Effectiveness of L1-norm regularization sidereal filtering for precise point positioning

Abstract

Integer ambiguity resolution is critical for achieving positions of high precision and reliability of precise point positioning (PPP). However, as an important error source in global navigation satellite system (GNSS), multipath interference limits the ability of PPP in high-accuracy GNSS positioning applications. Thus, to guarantee the performance of PPP ambiguity resolution techniques in a multipath environment, a sidereal filtering technique based on sparsity promoting regularization is adopted to mitigate the multipath error. The key idea of the proposed strategy emphasizes the use of the L1 norm to extract multipath from noisy carrier phase residuals.
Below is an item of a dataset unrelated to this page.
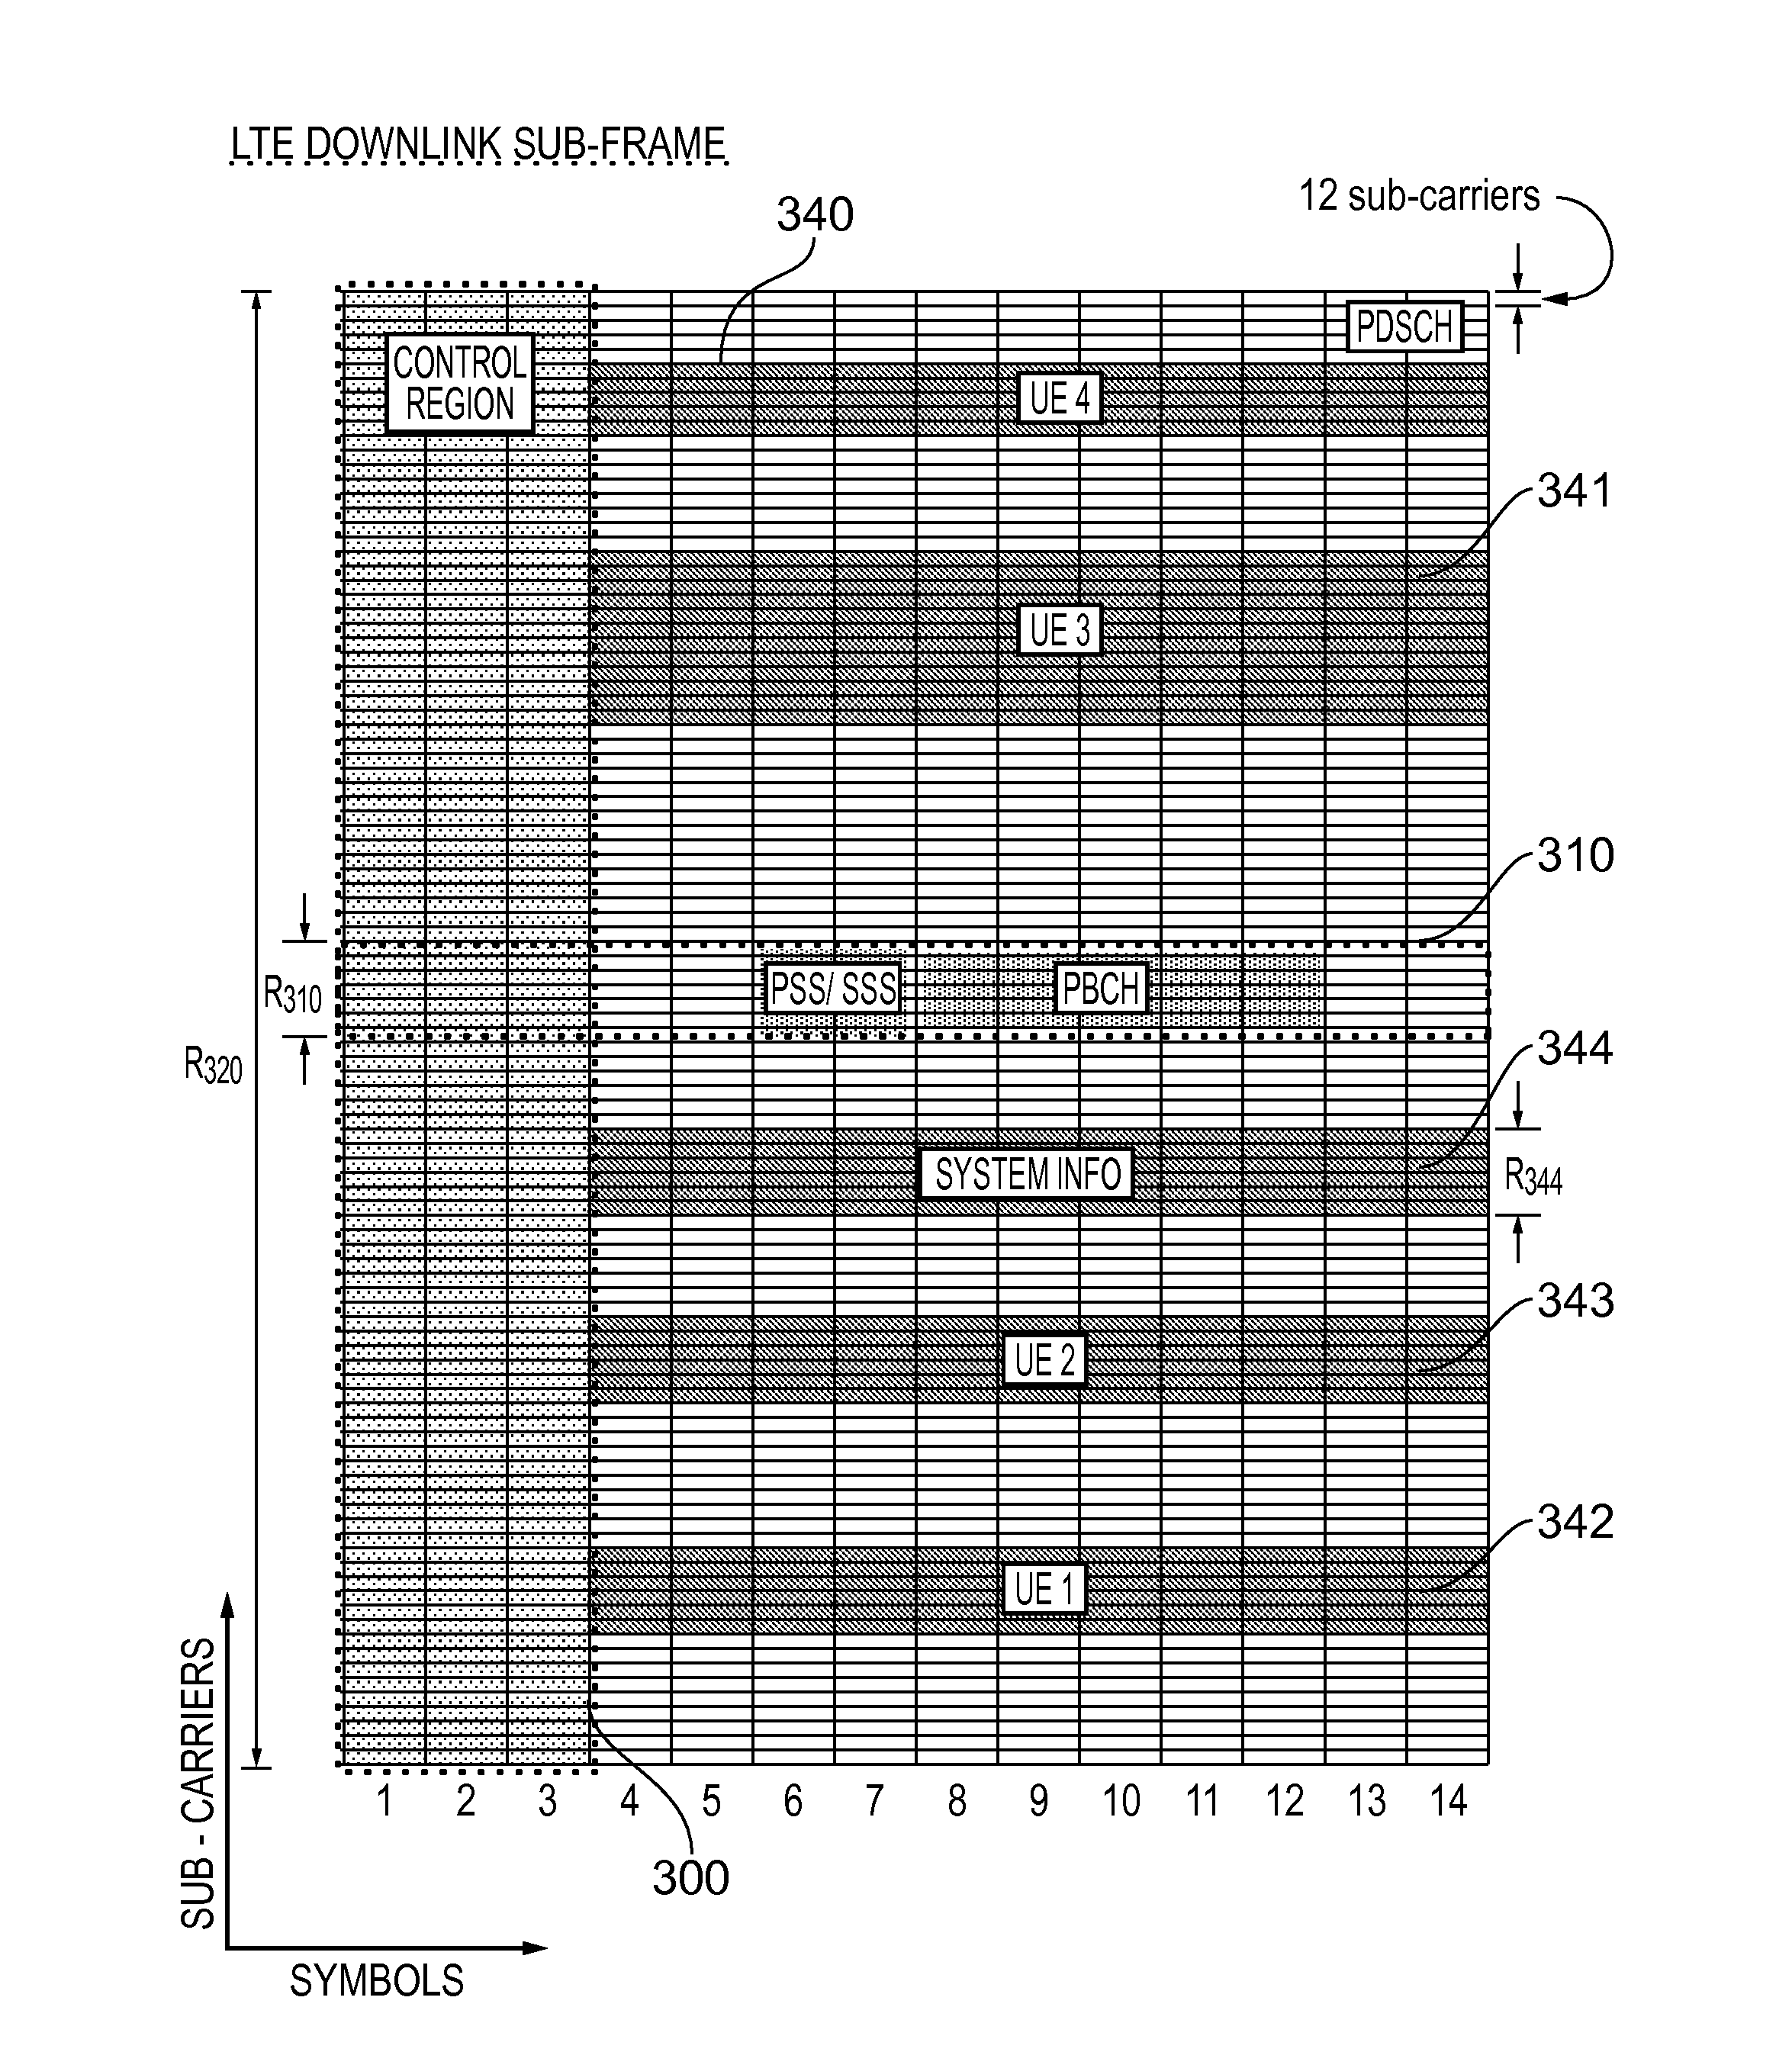 Allocating resources and transmitting data in mobile telecommunication systems comprising machine type communication applications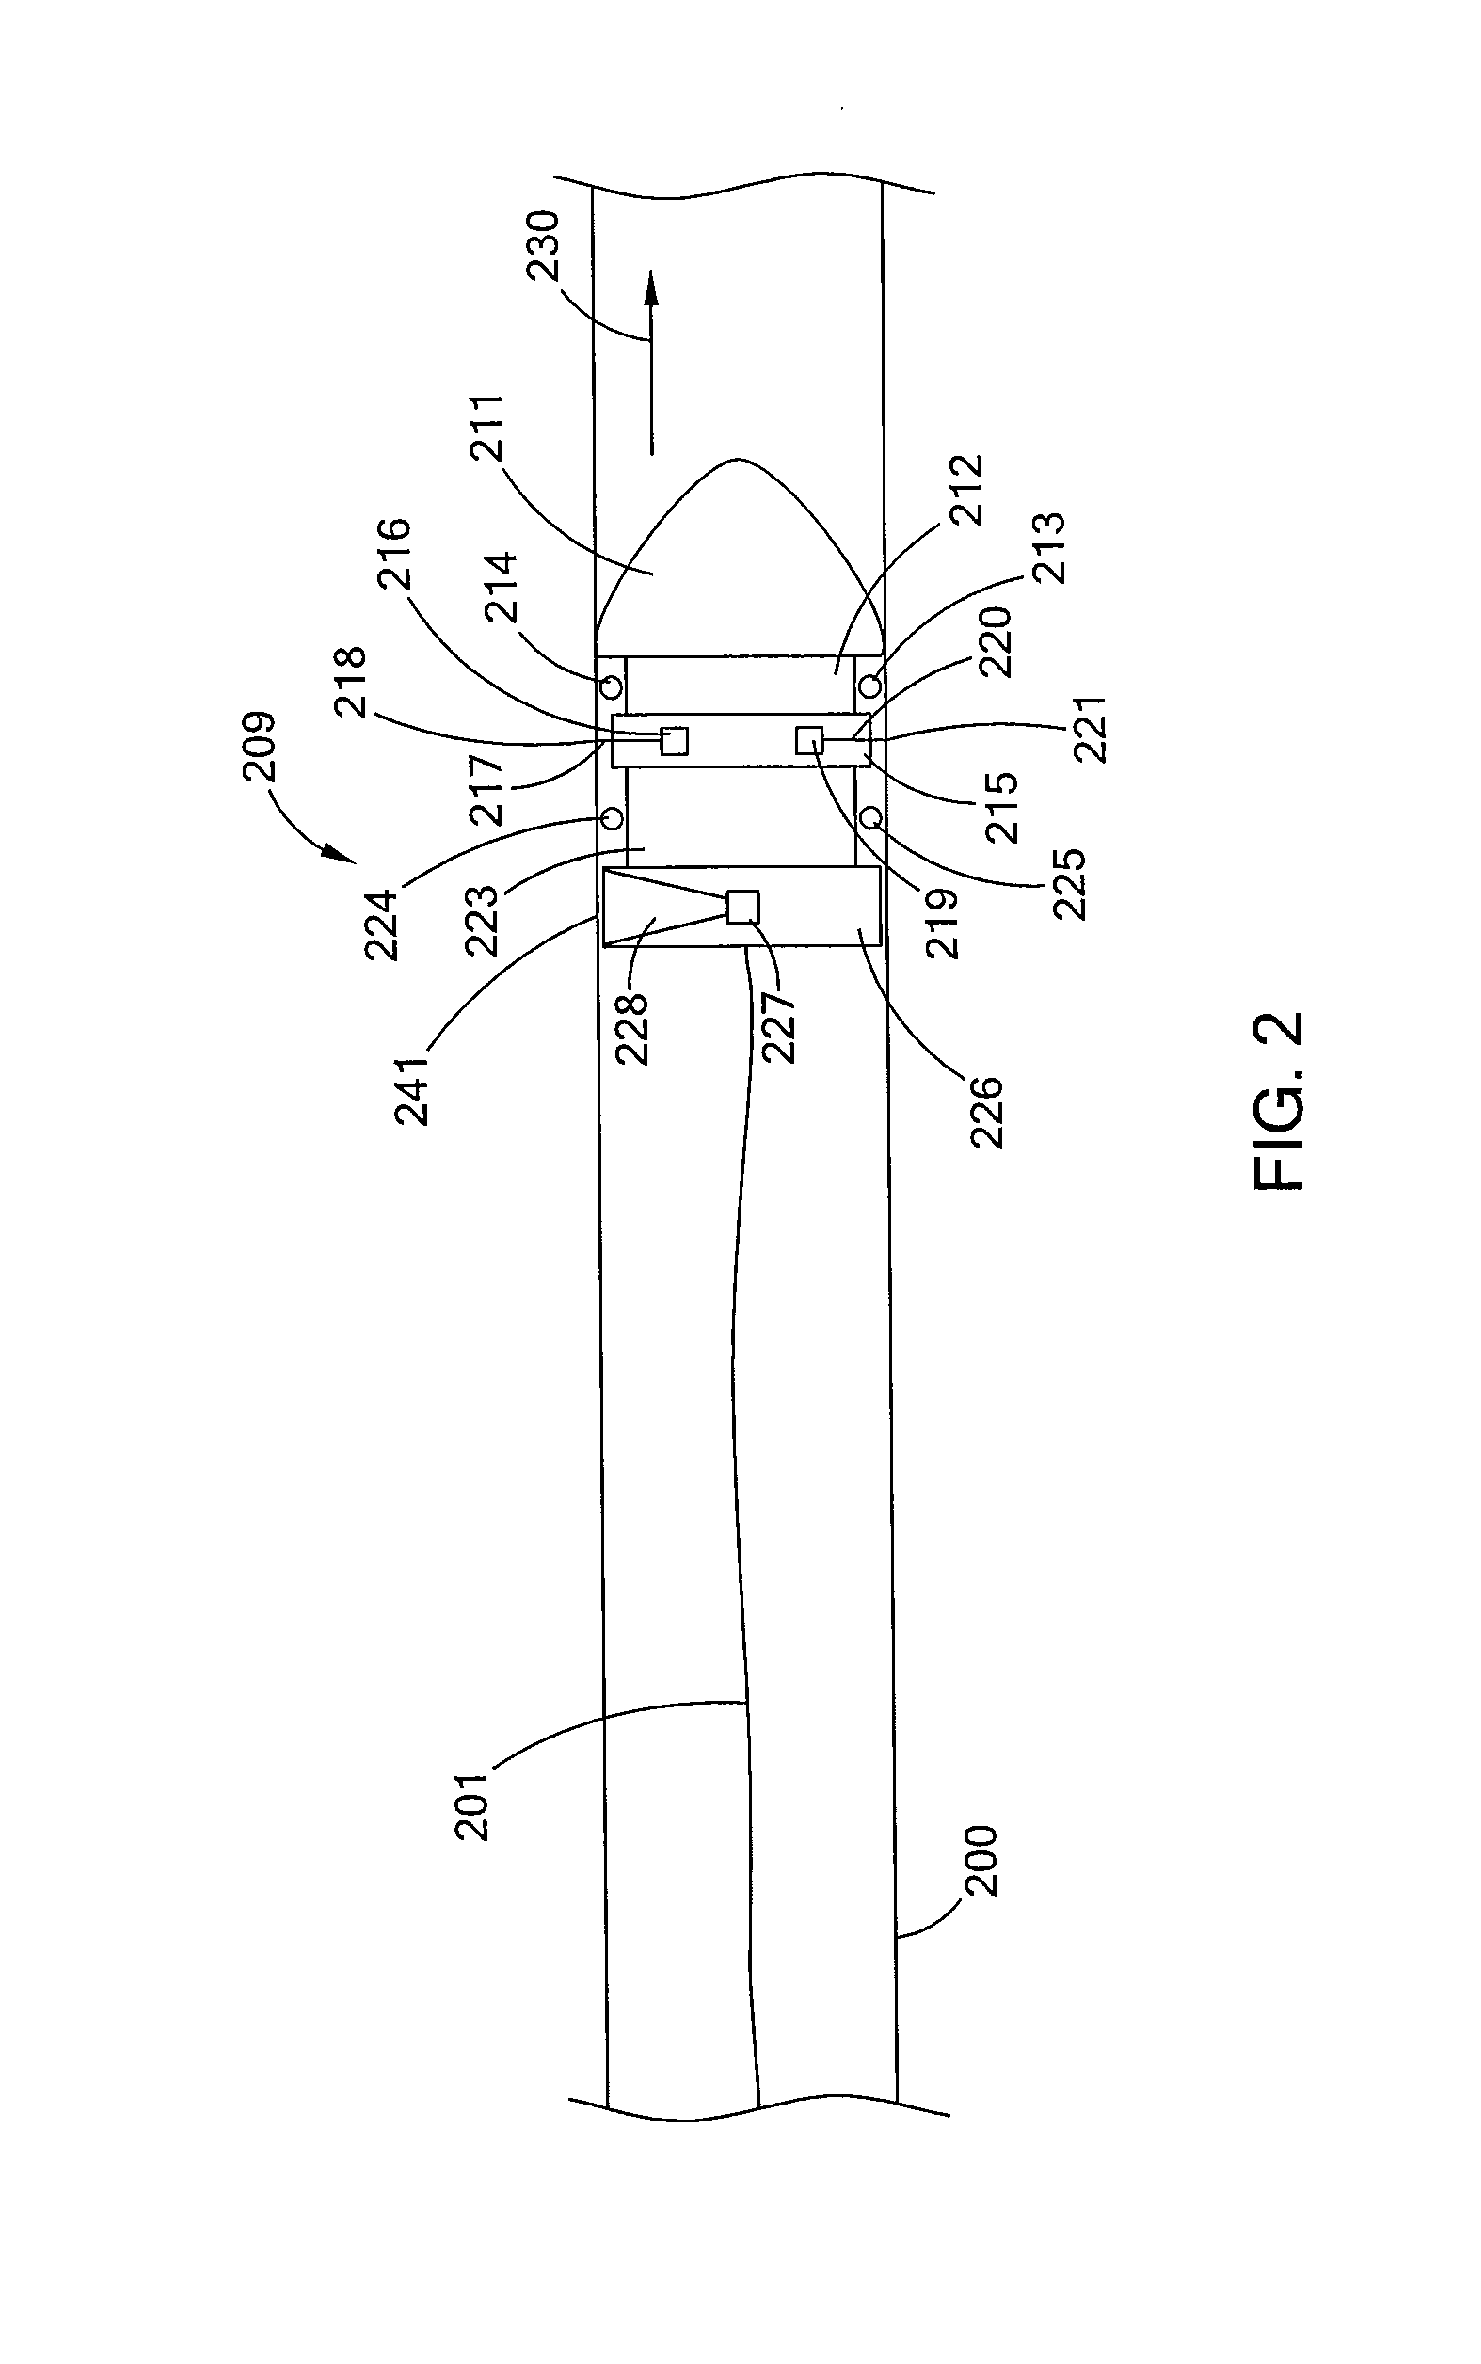 High power laser pipeline tool and methods of use

The classical single-difference between-satellites method is used to fix PPP with the estimated phase clocks/bias products for obtaining carrier phase residuals in the previous period. Two GPS datasets are adopted to assess the denoising effect of the multipath model and the performance of the proposed strategy. The carrier phase residuals of static PPP ambiguity resolution and the positioning accuracy of kinematic float PPP after the application of the multipath model are used to reflect the final filtering performance. Results show that the multipath model based on first-order regularization can improve the RMS of carrier phase residuals by approximately 49.8% compared with the solution without multipath mitigation. In kinematic float PPP, a mean coordinate improvement of 49.7% for day of year (DOY) 273 and 57.8% for DOY 275 in 2017 could be achieved.